* _How to complete this task_
Only the pictures should be dropped; every line of the data must come back exactly as written.

* _Data shown_
Segment Open

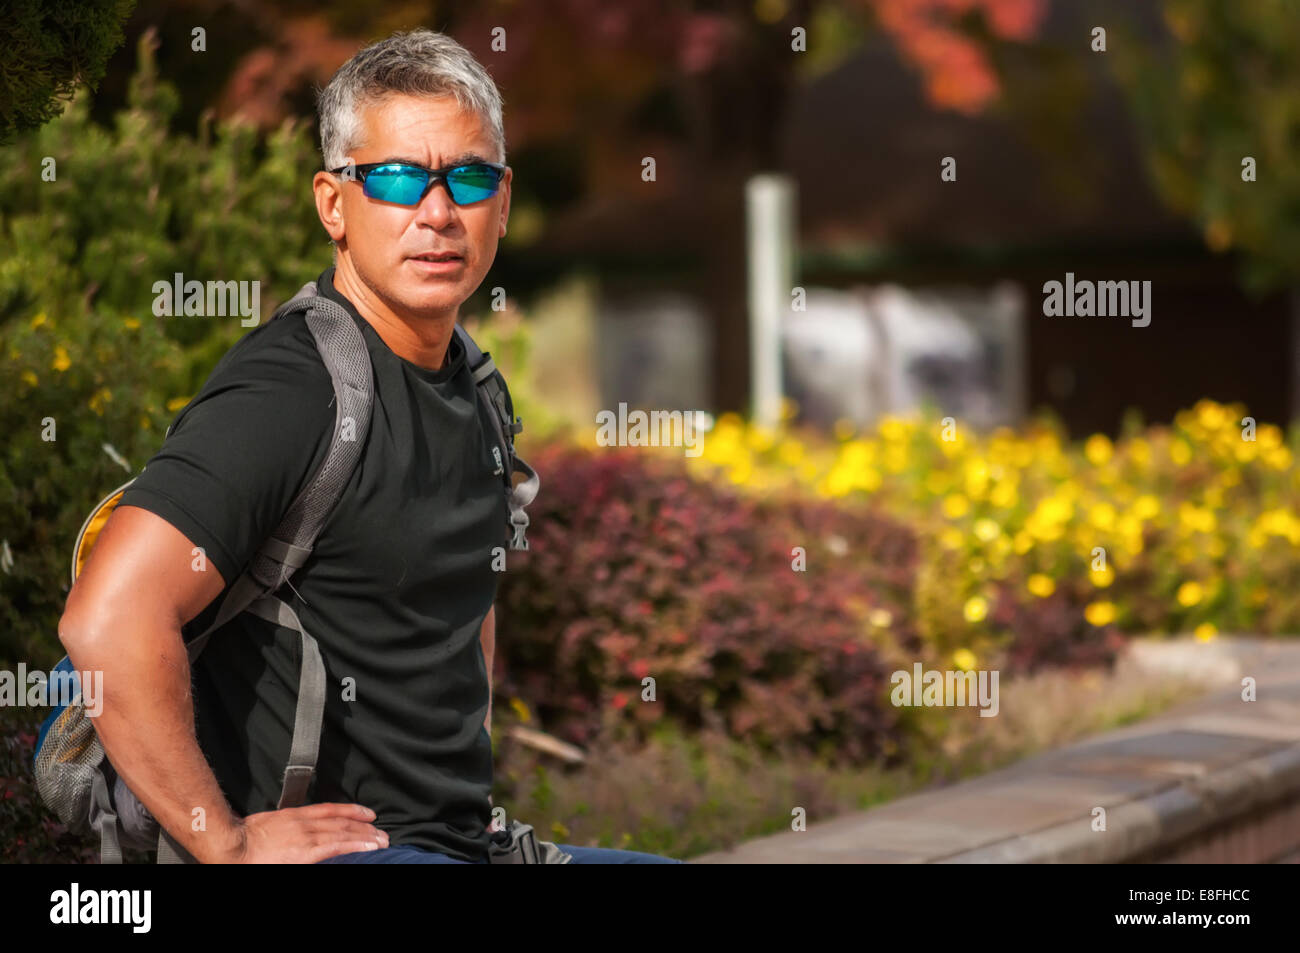 Portrait of a man wearing fitness clothing Stock Photo
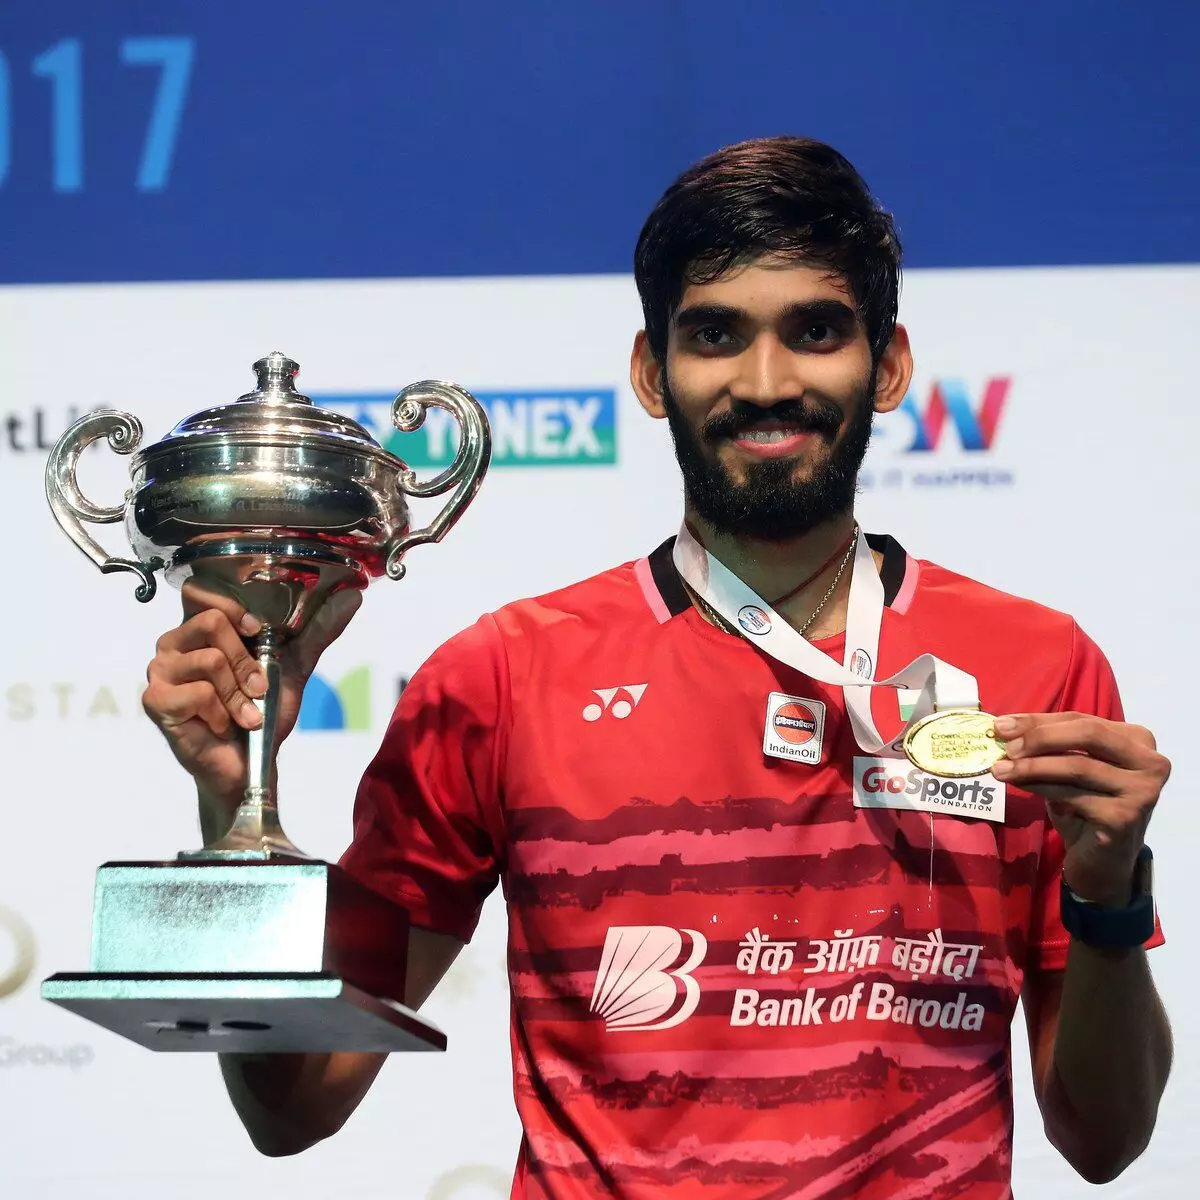 From World No. 1 to missing Tokyo Olympics berth — Can Srikanth Kidambi bounce back?
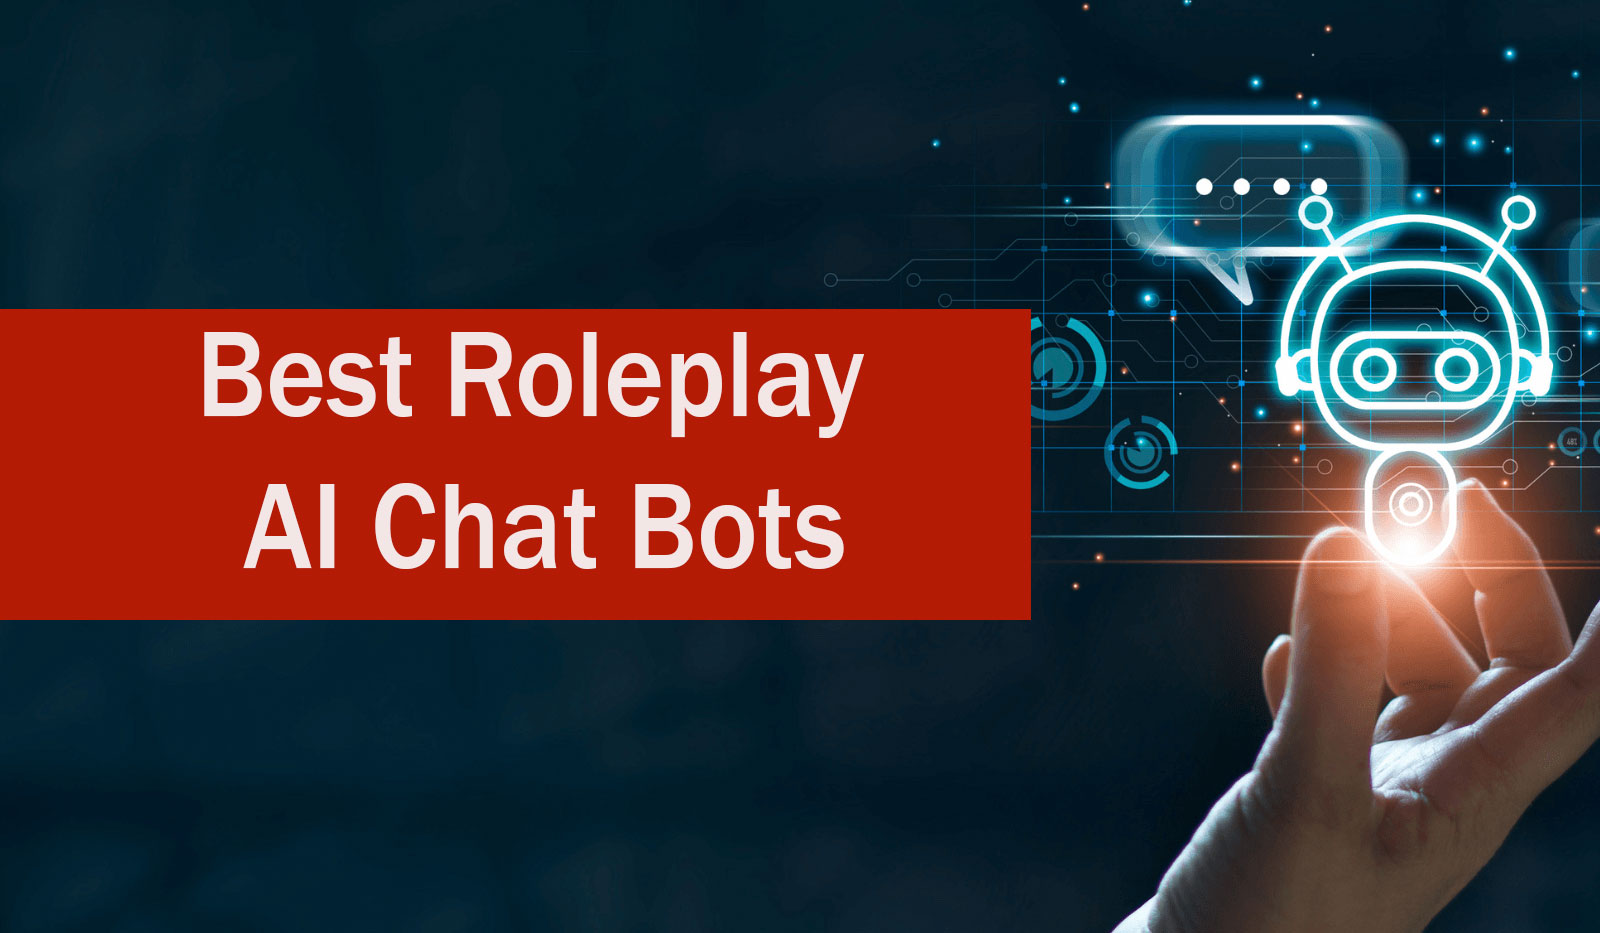 Best Roleplay AI Chat Bots

Segment Closed

* _Output of the task_
 Portrait of a man wearing fitness clothing Stock Photo
 From World No. 1 to missing Tokyo Olympics berth — Can Srikanth Kidambi bounce back?
 Best Roleplay AI Chat Bots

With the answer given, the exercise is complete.